Yurttaşın ramazan ayını huzurlu bir biçimde geçirmesi için akaryakıt, elektrik ve doğalgaz artırımlarına müdahale edilmesi gerektiğini söyleyen Türkiye Esnaf ve Sanaatkârlar Konfederasyonu Lideri Bendevi Palandöken, “Sokakta besin satan fırsatçılar ve fahiş fiyat uygulayan satıcılara karşı da kontroller sıklaştırılmalıdır. Ayrıyeten, yardım kolilerinin içine son kullanma tarihi yakın mamüllerin koyulduğunu da duyuyoruz. Ayıptır günahtır” diye konuştu.
Bilhassa besin mamüllerinde piyasaya taklit ve tağşiş mamüllerin çıktığını söyleyen Tüketici Dernekleri Federasyonu Lideri Aziz Koçal ise “Vatandaş da yüksek fiyatlardan kaçmak için alıyor. Bakanlıkların kontrolleri en az 3-4 ay sürüyor, o sırada eserler raflarda satılmaya devam ediyor” dedi.
‘DENETİM GEÇ KALIYOR’
Tatlıcı esnafının bilhassa ramazan ayında büyük mağduriyetler yaşadığını söyleyen İstanbul Şekerci Pastacı Tatlıcı Esnaf Odası Lideri Aykut Şener ise şu biçimde konuştu:
“Yılbaşından bu yana satış tutarlarımız yüzde 50, maliyetlerimiz ise yüzde 100 arttı. Şeker ve fıstık fiyatlarını takip edemiyoruz. Akaryakıt artırımlarına şaşırmıyoruz bile. Bunlara ek olarak bir de ramazan öncesi çeşitli mazeretlerle biroldukça hammadde fiyatına yeni artırımlar geliyor. Olan hem esnafa tıpkı vakitte vatandaşa oluyor.”

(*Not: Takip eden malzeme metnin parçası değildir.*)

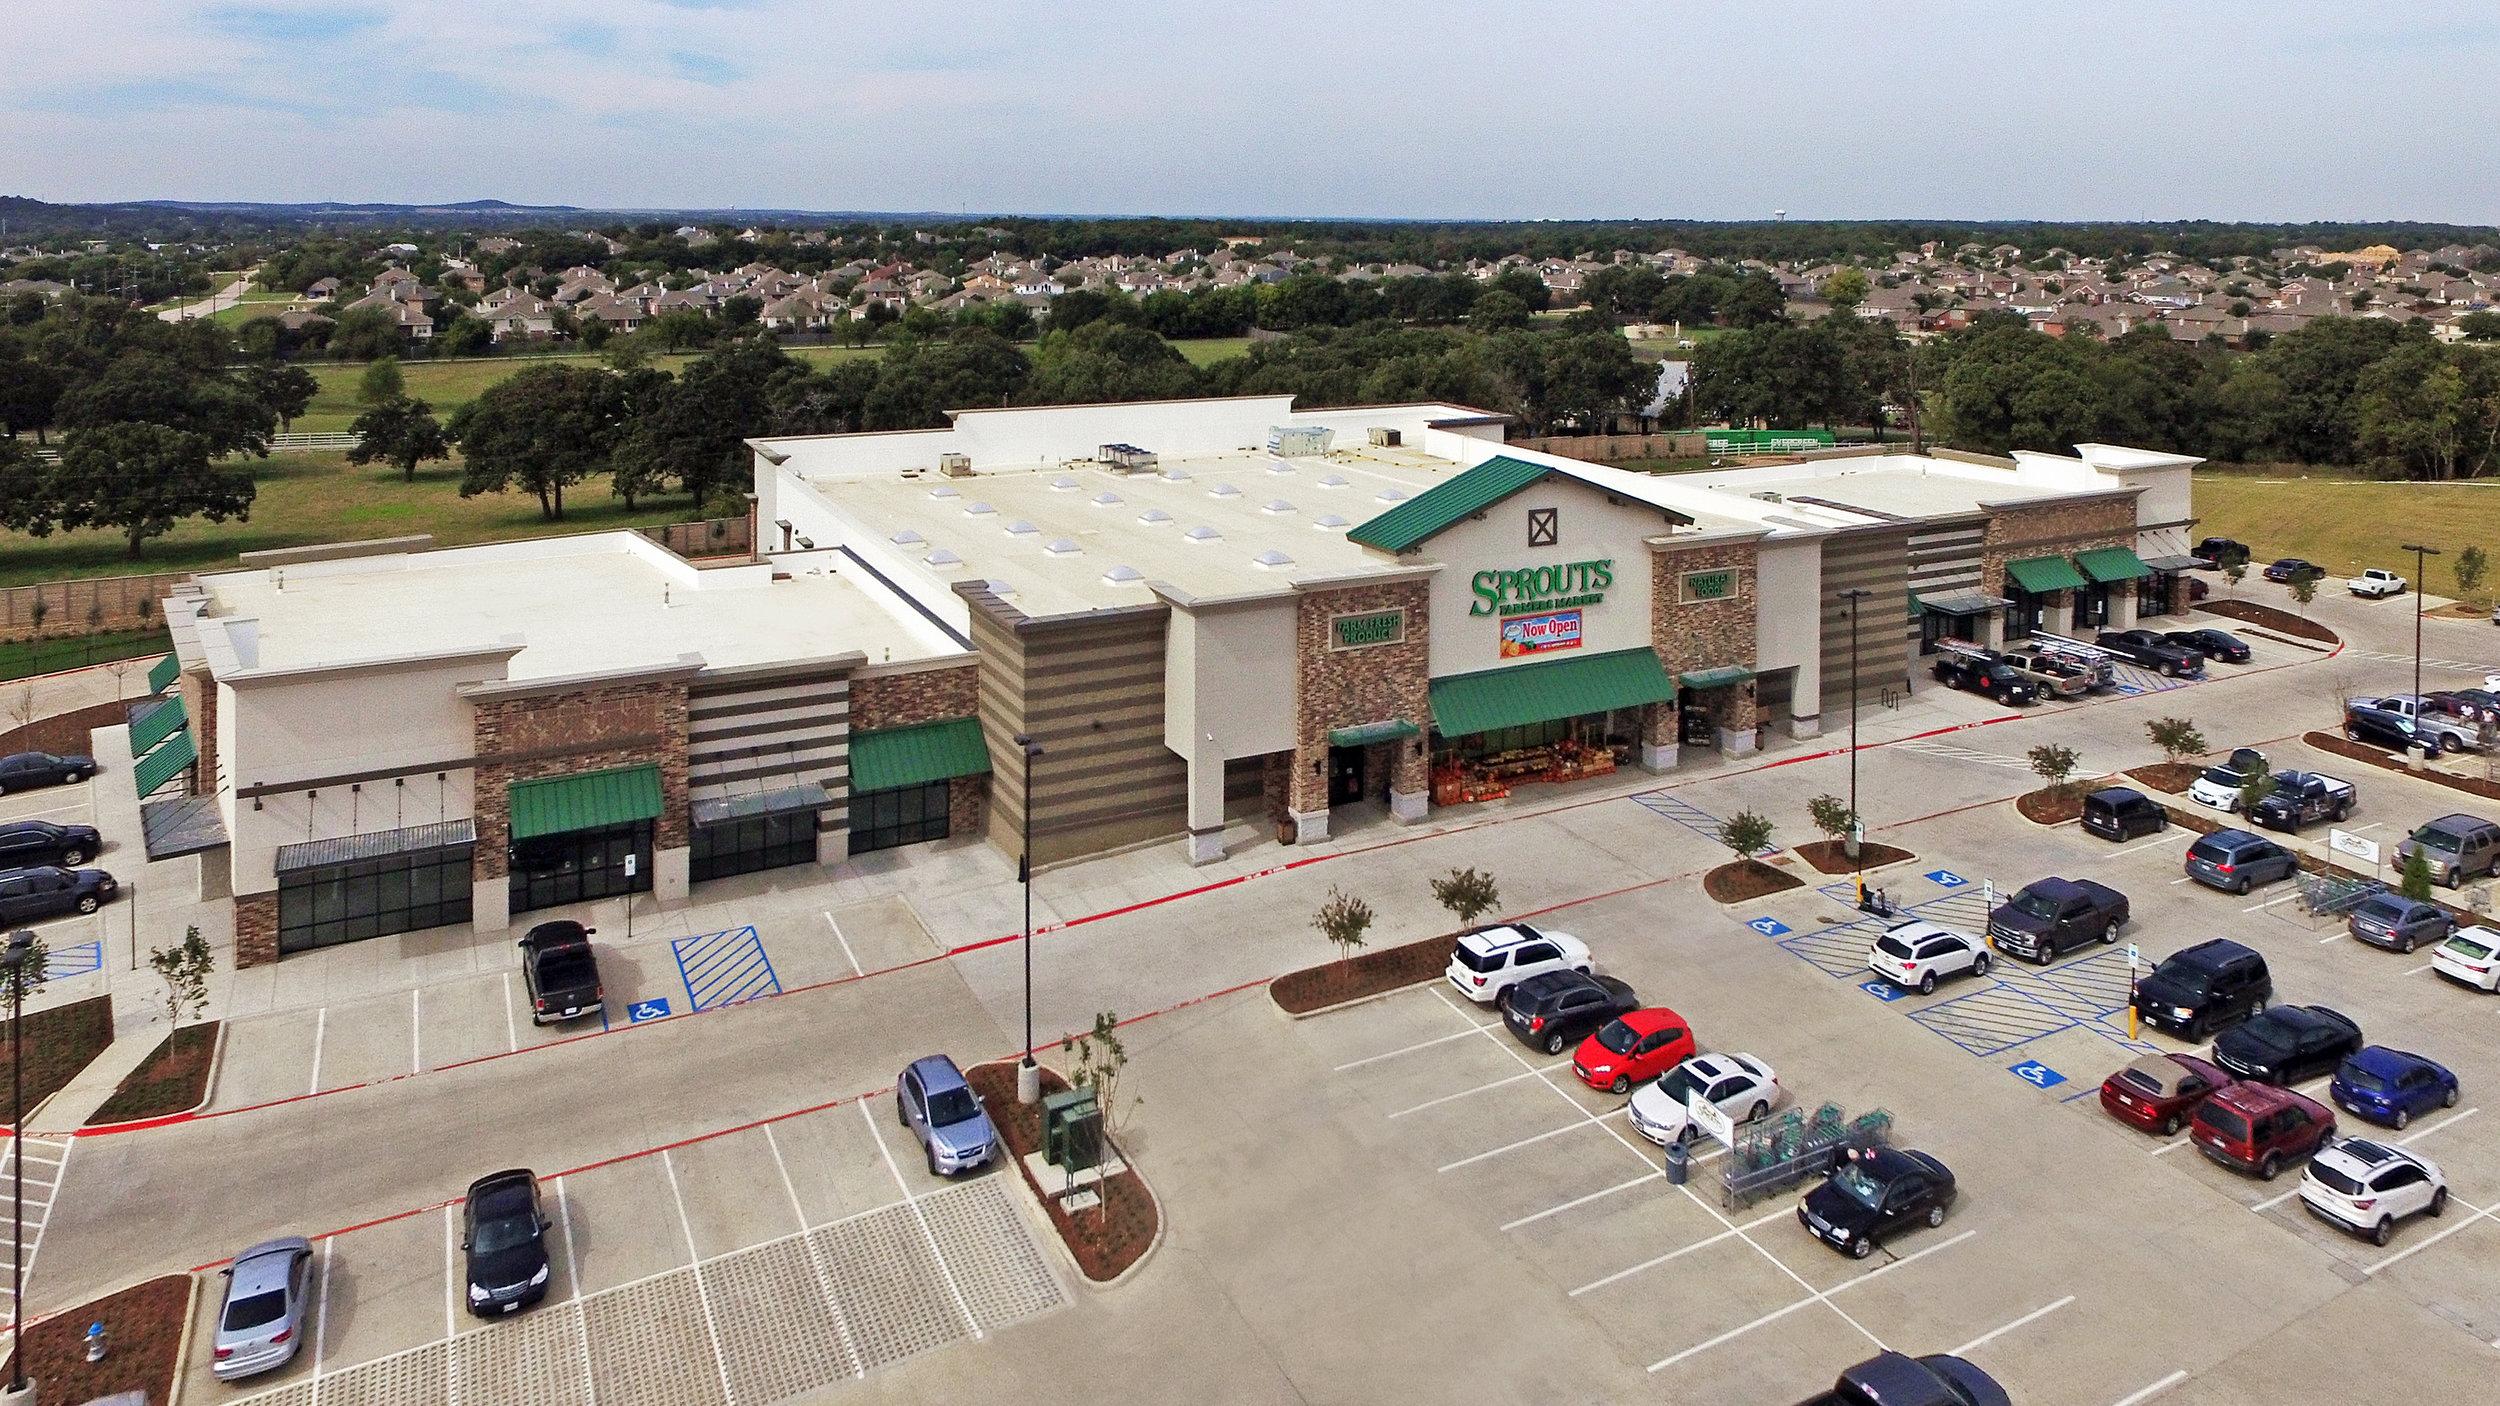 Sprouts Farmers Market, Denton, TX

Ramazan öncesi, fahiş fiyat artışları yaşanmaması için stoklar yapıldığını söyleyen REİS Besin sahibi Mehmet Reis, “Biz marka olarak biroldukca perakendeciye şubattan itibaren eserleri sattık. Fahiş artış olmasın diye stoklarını yaptılar. Lakin tabi ramazana kadar taşıma maliyetlerinde yaşanacak artışlar fiyatlara yansıyabilir, bu normaldir” dedi.
KOLİ FİYATLARI YÜZDE 100 ARTTI
Enflasyondan nasibini alan ramazan kolilerinde ise fiyatlar bir yılda yüzde 100’e varan oranlarda arttı. Bir zincir markette geçen yıl 69.95 liraya satılan ve toplamda 13 eser bulunan en düşük ramazan kolisi, bu yıl yüzde 43 artırımla 99.90 liraya satılıyor. Lakin bu paketin ortasında bulunan tuz, salça üzere mamüllerin markası daha bilinmeyen markalarla değişmiş ve daha evvel kutuda bulunan 1 kiloluk bulgur çıkarılmış. Tıpkı marketin orta düzey olarak sunulan ve 22 modülden oluşan paketi ise geçen yıl 99.90 liraya satılırken bu yıl yüzde 70 artırımla 169.90 liraya satılıyor. Bu pakette de bir daha salça, daha ucuz bir marka ile değişmişken reçel, Türk kahvesi, kırmızı mercimek üzere eserler yer almıyor. Bunların yerine daha ucuz olan iki adet makarna ve fasulye yer alıyor. Geçen yıl 134.90 liraya satılan en büyük koli ise, bu yıl yüzde 100’lük artırımla 269.90 liraya satılıyor.